EMG Schriftenreihe, Band 42

Der Jahreskongress der Europäischen Märchengesellschaft e.V. fand 2016 in Würzburg in Zusammenarbeit mit der Domschule Würzburg, Akademie des Bistums, zu dem Thema "Macht und Ohnmacht - Erfahrungen im Märchen und im Leben" statt. In diesem Band sind die Vorträge des Kongresses versammelt.
Was ist Macht, was macht Macht mit uns? Wie sieht es mit der Ohnmacht aus? Ist sie das Gegenteil von Macht, was macht sie mit uns und wie kommen wir aus Ohnmachtserfahrungen wieder heraus? Fragen, die unter anderem in den Referaten erörtert werden. Macht- und Ohnmachtserfahrungen sind ständige Begleiter in unserem Leben, in wichtigen Momenten ebenso wie im Alltäglichen, sowohl auf persönlicher und individueller als auch auf gesellschaftlicher und sozialer Ebene.
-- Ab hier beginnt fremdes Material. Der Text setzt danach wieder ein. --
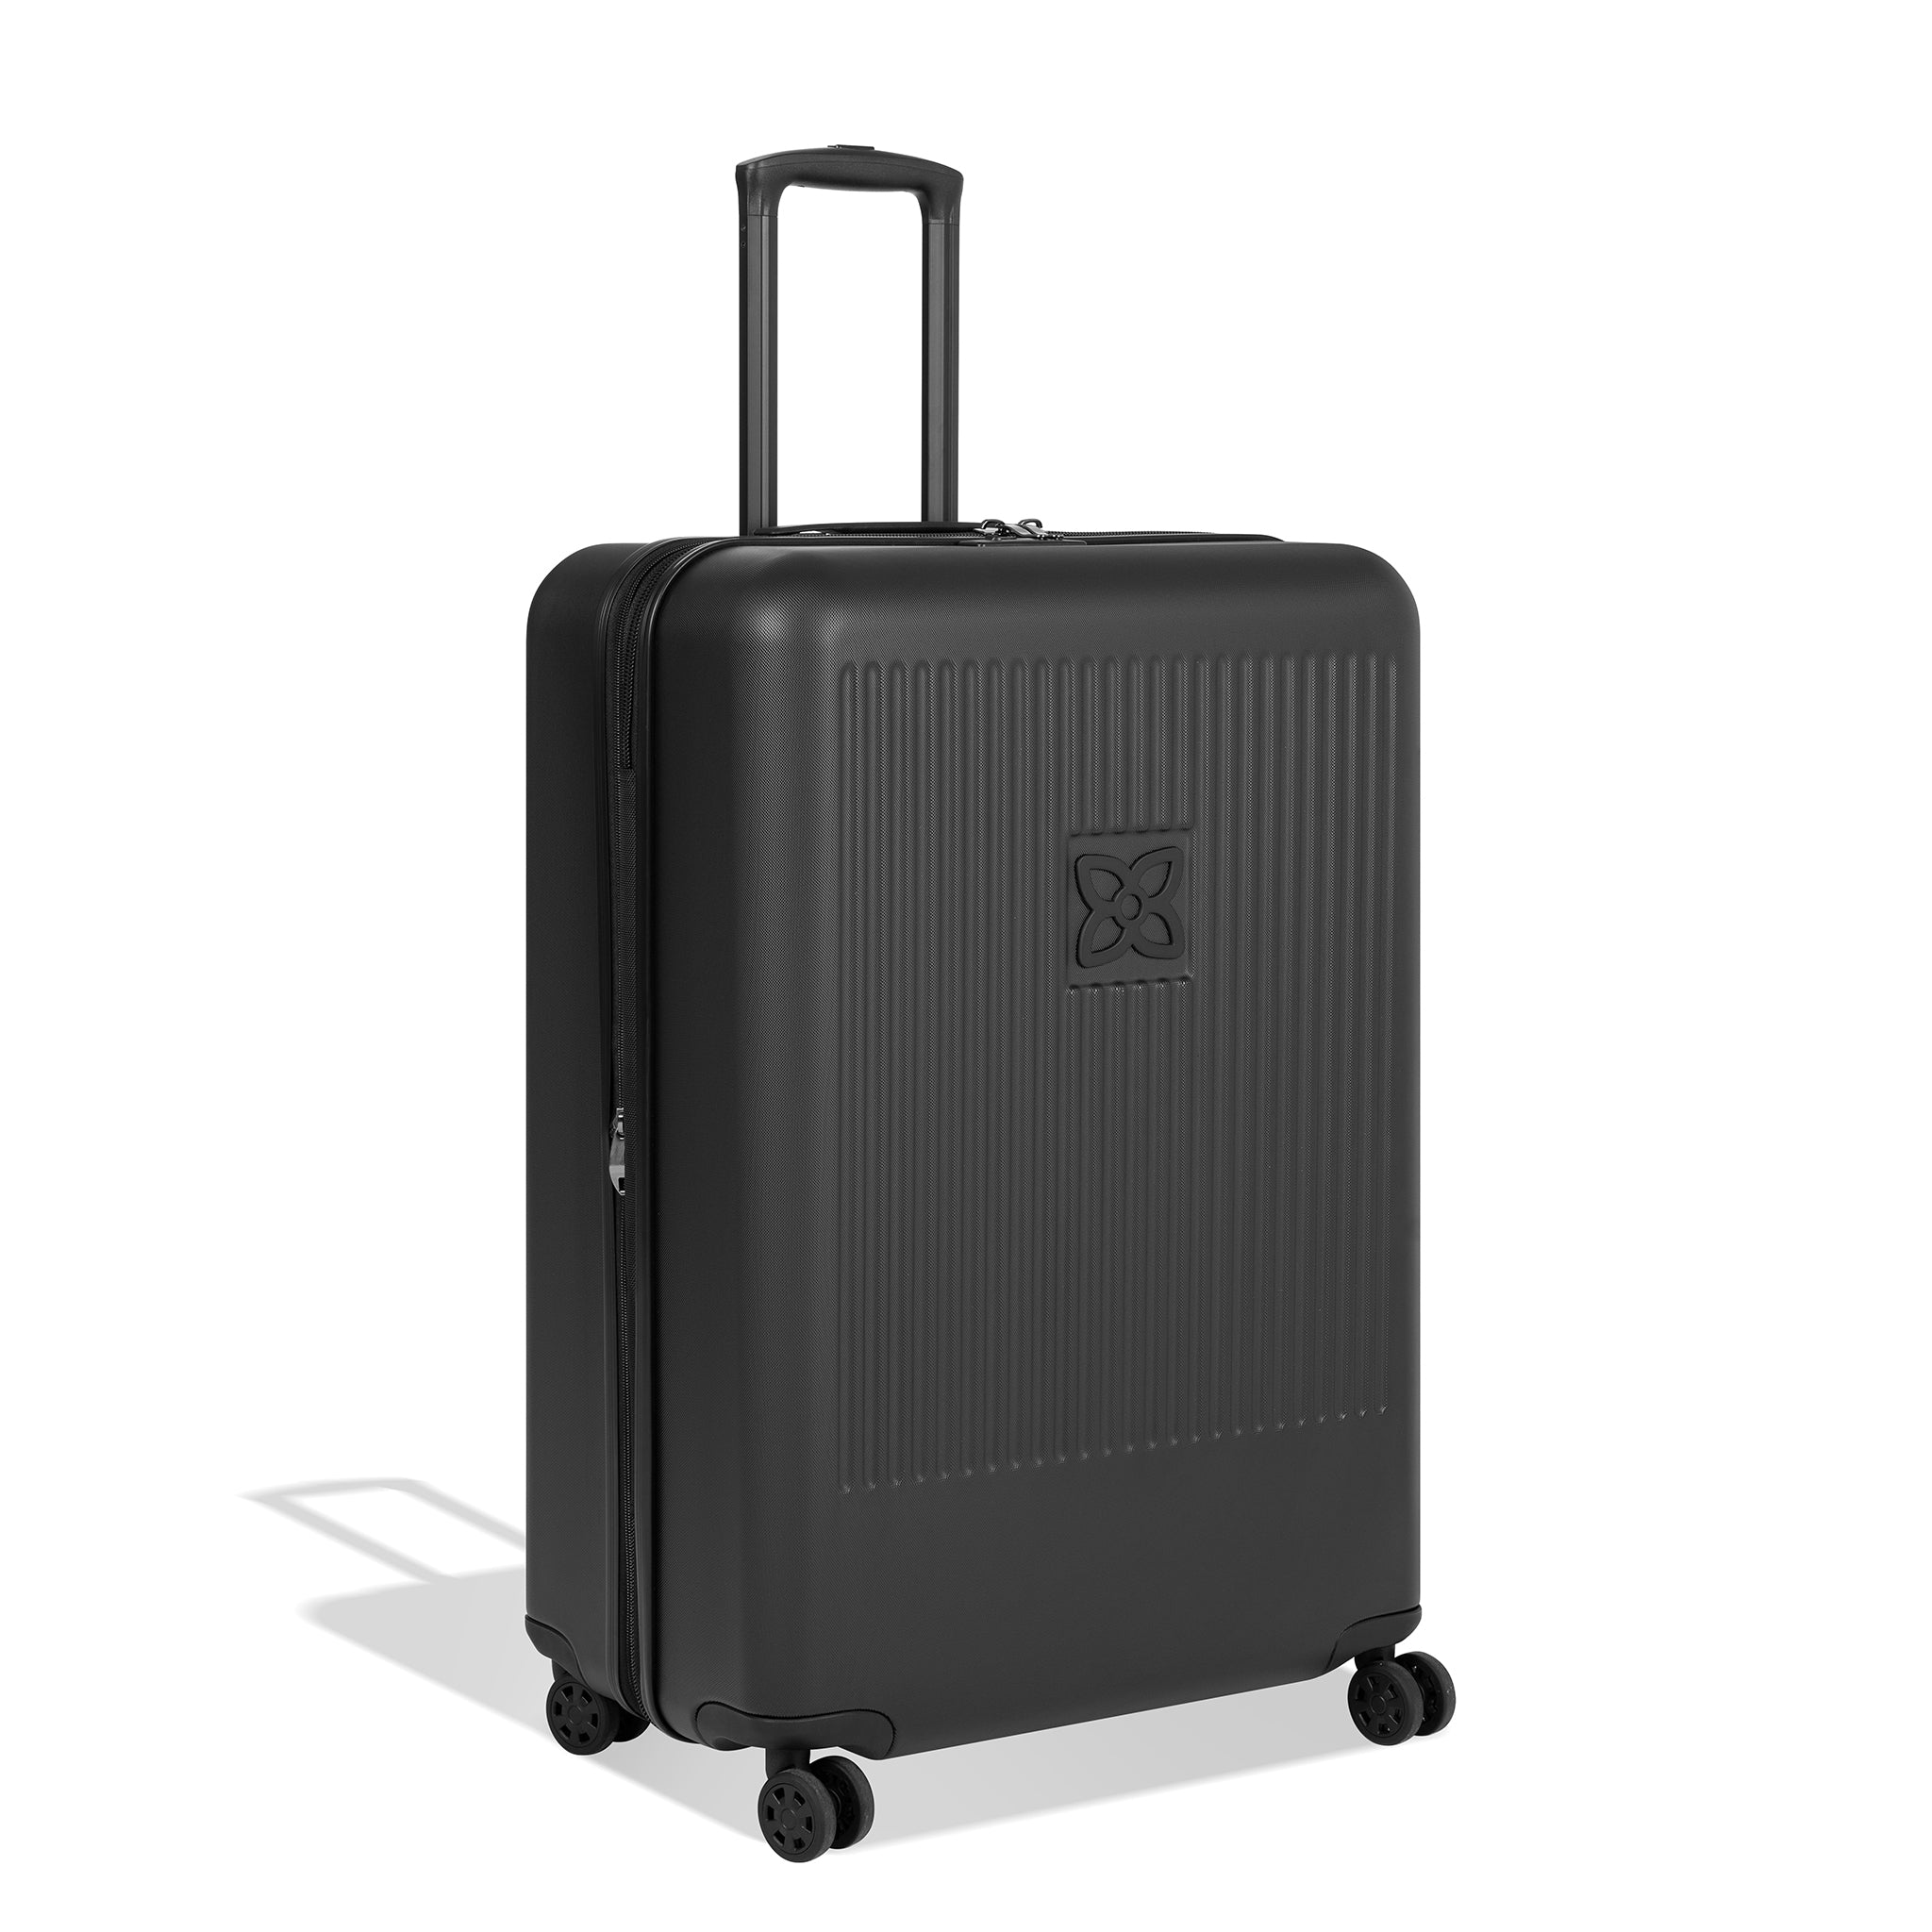 Angled front view of Sherpani hard-shell checked luggage, the Meridian in Black. Meridian features include a retractable luggage handle, uncrushable exterior, TSA-approved locking zippers and four 36-degree spinner wheels. #color_black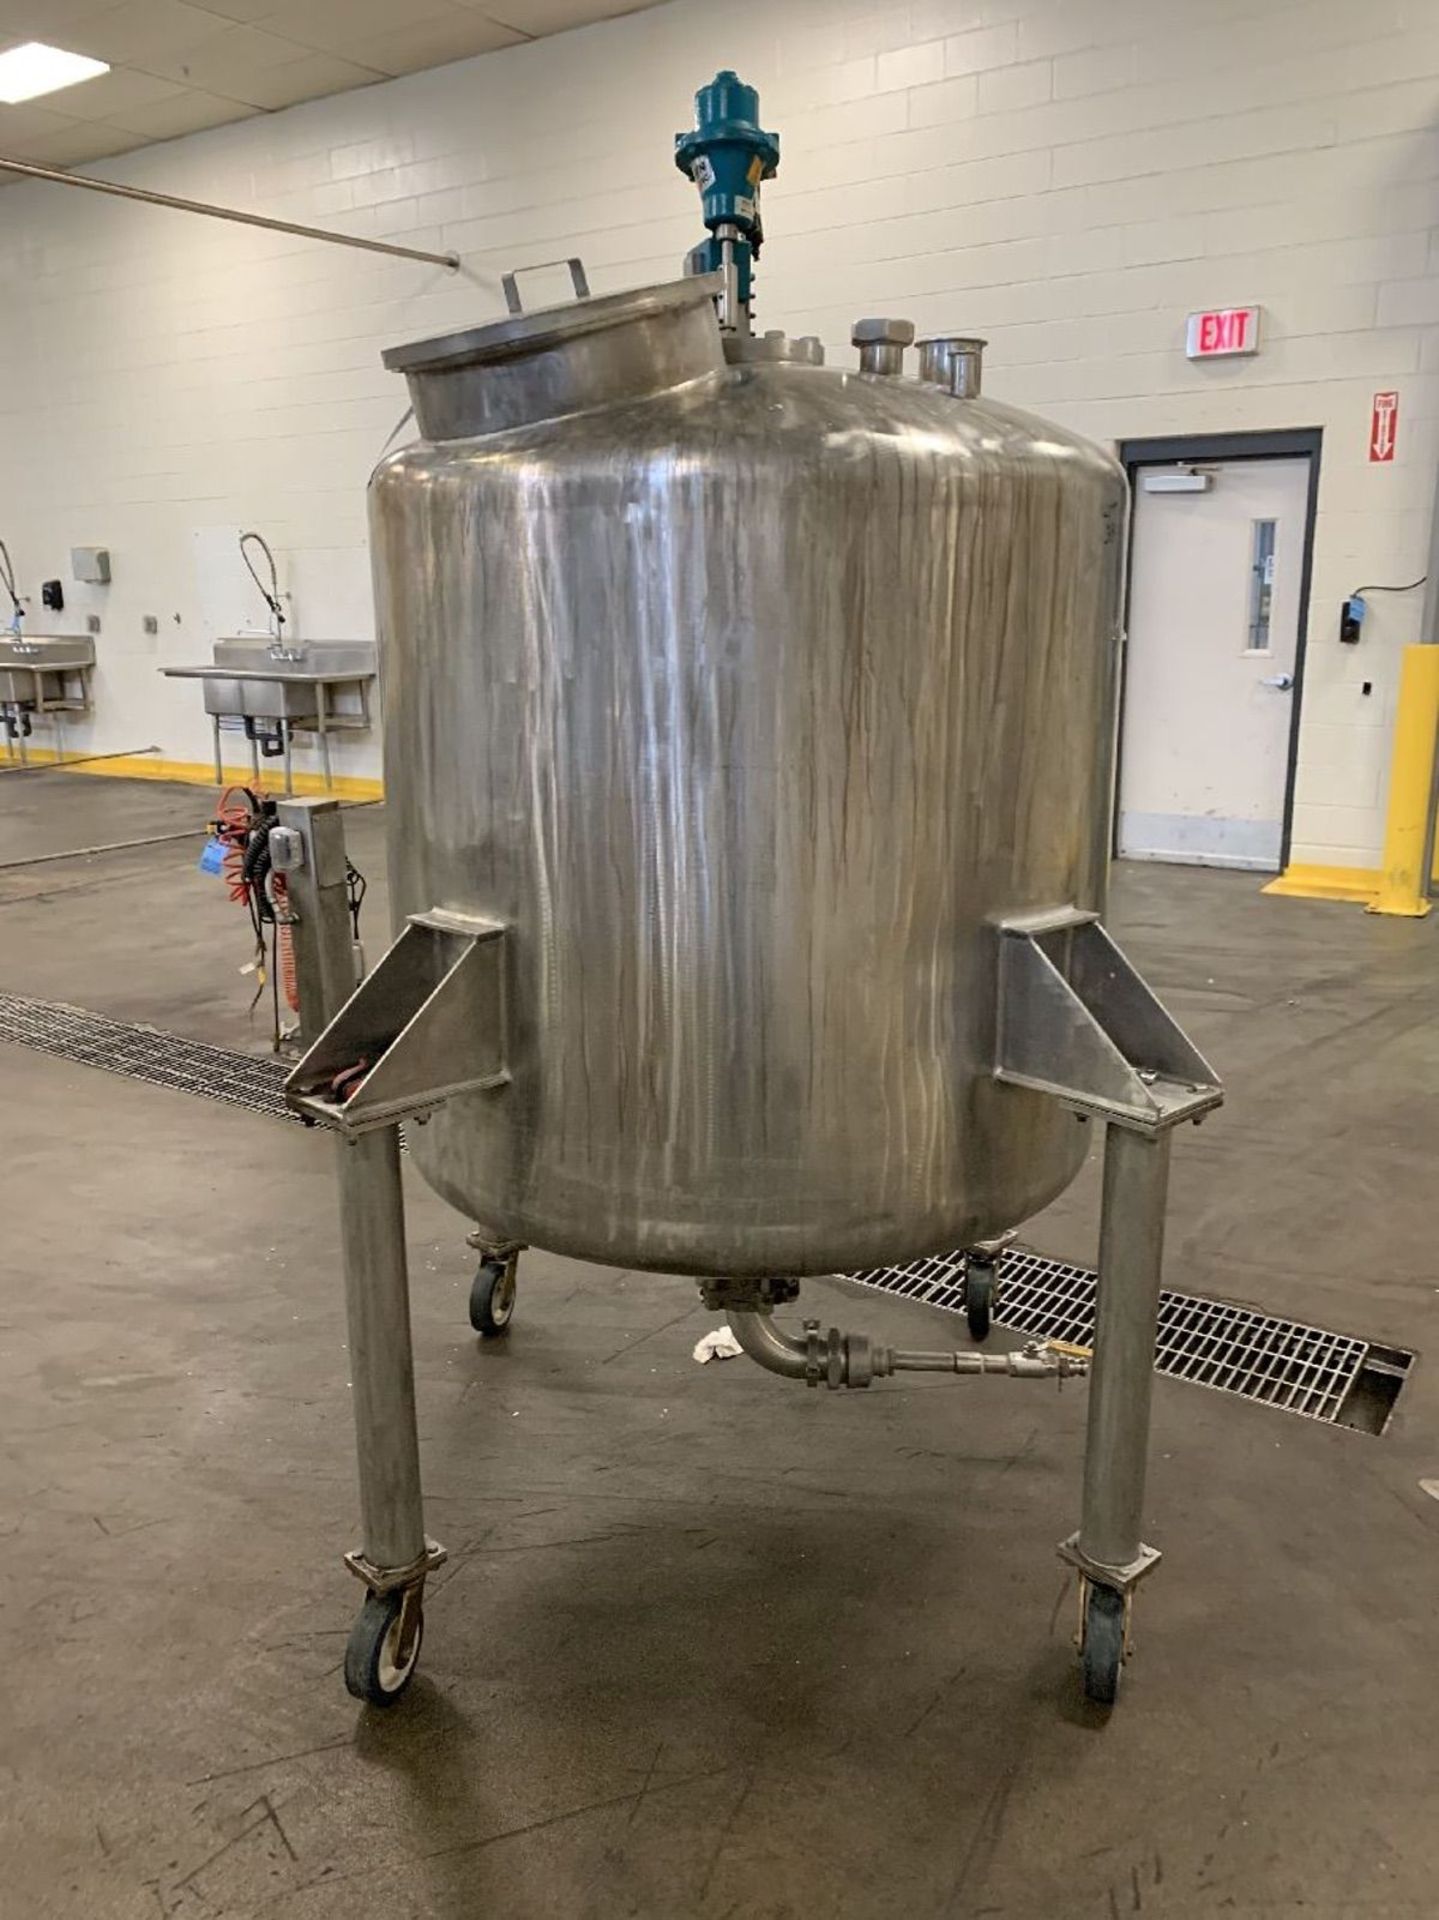 350 GALLON 48" DIAMETER X 44" HIGH PORTABLE STAINLESS STEEL BLENDING TANK WITH BRAWN | Rig Fee: $300

Erfahrungen von Ohnmacht und Macht hat jeder, und zwar in beiden Bereichen. Weil diese so selbstverständlich zu unserem Leben gehören, spiegeln sie sich auch in den Volksmärchen wider. Gerade mit ihren Bildern und Symbolen greifen Märchen die grundsätzlichen menschlichen Erfahrungen auf, so können sie angeschaut und gedeutet werden. Märchen können helfen, eigene Erfahrungen einzuordnen.
Ein Achtergewicht bildet der Aufsatz über Max Lüthi, der vor 25 Jahren verstorben ist.
Herausgegeben im Auftrag der Europäischen Märchengesellschaft von Harlinda Lox und Sabine Lutkat.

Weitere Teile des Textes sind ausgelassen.